57, стр. 184-191, Москва, ИНТЕР-ВЕСЫ, 2005
|
Посвящается светлой памяти моего
отца
Отец был молчаливым обо всем, что
касалось фронтовых событий его жизни. С мальчишеских
лет, я пытался вытянуть из него скудные крохи признаний,
чтобы составить представление, каким он тогда был и
почему так скуп на слова.
Лишь когда мне самому уже было за сорок, я стал
понимать, что вернувшиеся живыми, чувствовали себя
виноватыми перед погибшими на их глазах. Они считали,
что им просто повезло остаться в живых, и
героями-победителями они стали только потому, что
миллионы тех за очень многое, о чем лучше молчать, были
вынуждены заплатить своими жизнями. И они молчали…
Победа и вообще война это – не «ура», это не геройство
на людях. Это – совсем другое: умение делать свое дело
честно, с умом, с расчетом на будущее, это –
повседневная работа с нашей русской взаимопомощью,
готовностью подставить плечо именно там и тогда, когда
нужно вместе выдюжить, это – самопожертвование, это
характерное для русских состояние подвига, ведущее свою
родословную от подвижничества. Без крика, без суеты,
буднично, но накрепко и бесповоротно. Насмерть!…

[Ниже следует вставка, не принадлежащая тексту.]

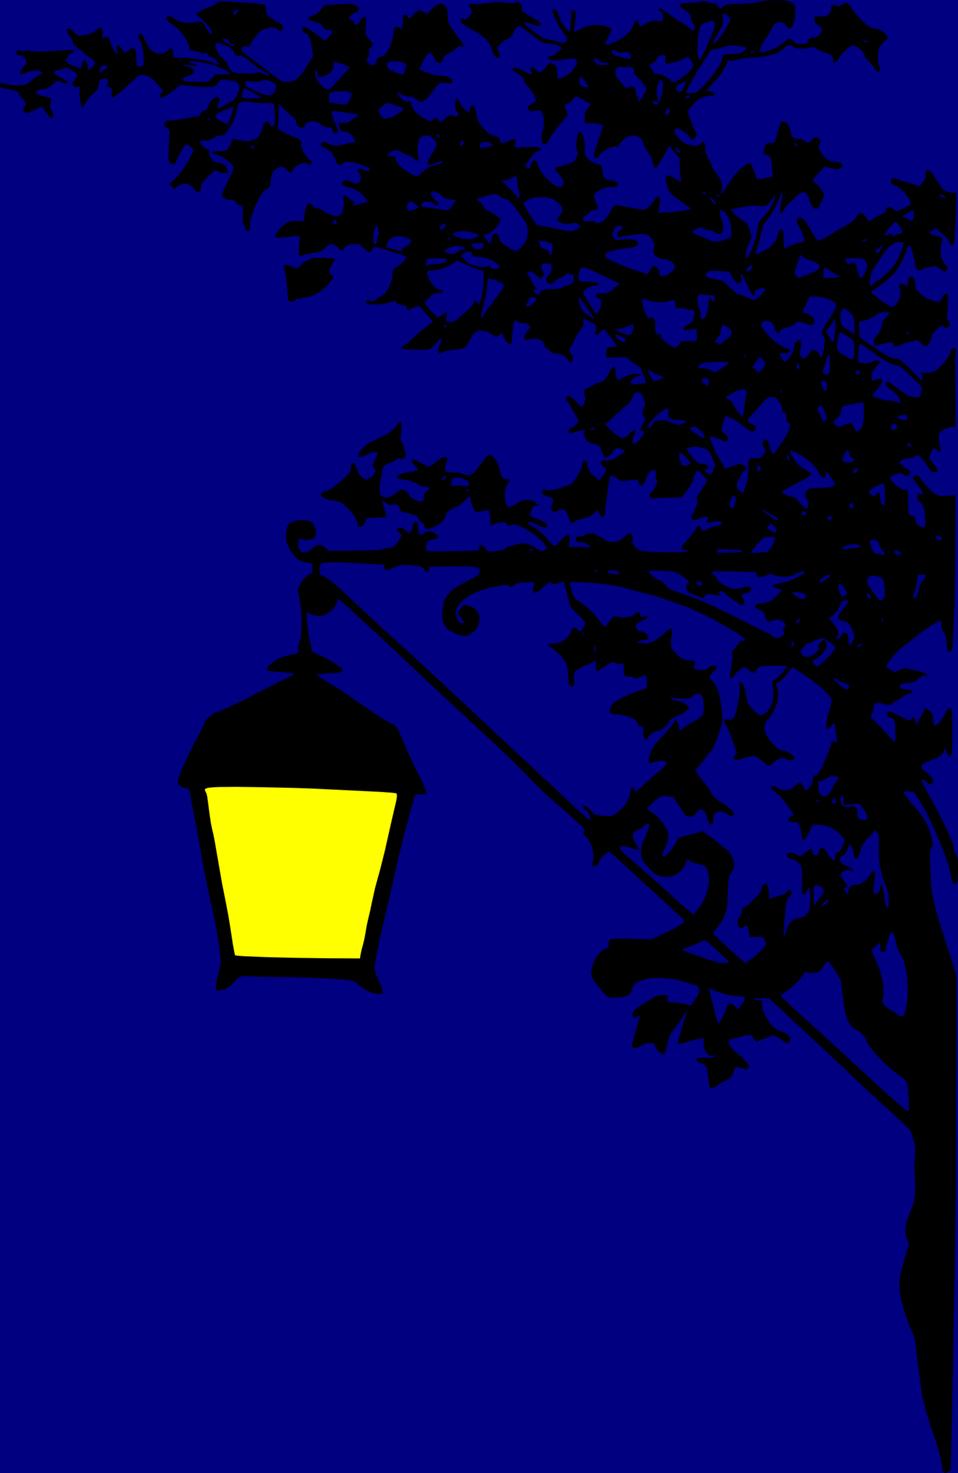 Vintage street lamp silhouette

Очень многое из того, что я умею, мне дали они, мои
родители, крестьянские дети. И в первую очередь, отец,
причем он – все так же молча, без суеты, без надрыва,
без лишних жестов и слов.
Он не был, что называется, героем. Однажды на охоте,
когда я выстрелил в белку над его головой, он сильно
испугался и буквально осел в сугроб. Я в 16 лет был
впервые на охоте, но он-то знал, что дробь разлетается
далеко в стороны от линии прицеливания…
Они все знали, все умели, и не их вина, что кто-то
повыше не знал, не умел и не считал нужным этому учиться
изначально, с пеленок, как принято в русском народе (я
не имею в виду этнических русских, я имею в виду всю
нашу Россию).
Сейчас, по воспоминаниям детства и юности, легенде,
которая тогда возникла в моем воображении – по всему,
что еще смогла сохранить моя память, я постараюсь
рассказать от имени отца о фронтовом случае его
«везения» (а курсивом будут даны мои вставки).
Прилагаю его
фотографию, полученную с фронта из Великих Лук в 1943 г.
Июнь 1943 года,
Великие Луки
Это было зимой 1943-1944 г.г. где-то
западнее Невеля. Наш истребительный противотанковый
артиллерийский полк резерва Верховного Командования
находился, как всегда, на стыке армий, но был придан
3-ей Ударной. Обстановка была сложной. Немцы прорвали
нашу оборону как раз на этом стыке, похоже, где-то
впереди расположения моего склада боеприпасов, правда,
сильно опустевшего за время боя, начавшегося еще с утра.
Его шум уже гремел и справа, и слева от меня, потом с
нашей стороны стал смещаться в тыл, разрозненные
выстрелы впереди прекратились. Связь прервалась еще час
назад, за снарядами никто больше не появлялся.
Мимо пробежали пехотинцы и крикнули, что там, откуда
они, уже никого нет, наши пушки давно разбиты, пехота
выбита из траншей, а немецкие танки прорвались в тыл.
Ну, думаю, вот и мне, как говорим мы, белорусы, гамон
(конец, хватит). Попался на третьем году войны. Наш полк
сменил почти полностью свой списочный состав, так что я
сам себя считал сильно задержавшимся. Да и стукнуло мне
уже 38 лет. Почему-то вспомнилось, как в конце 20-х
проходил действительную службу тоже в артиллерии, но с
шашкою на боку. Куда бы я теперь тут с этой шашкой?
Вот так-то, товарищ старший лейтенант, пора заказывать
музыку. А как – я знал точно из инструкции, и надежды,
что удастся унести ноги, было мало. Методично подготовил
склад к взрыву. Потом стал смотреть и слушать, что
делается впереди. А впереди, со стороны соседа, что-то
дымит, рвется, отрывисто лают немецкие танковые пушки, и
тянет таким противно-вонючим ветерком. Немецких танков и
пехоты пока не видно…
Проковыляло мимо еще несколько раненых, я отослал с ними
своего юного помощника с донесением о подготовленном
взрыве склада. На душе как-то пусто, хочется курить, а
курево давно кончилось. Нашел только сухарь, сгрыз.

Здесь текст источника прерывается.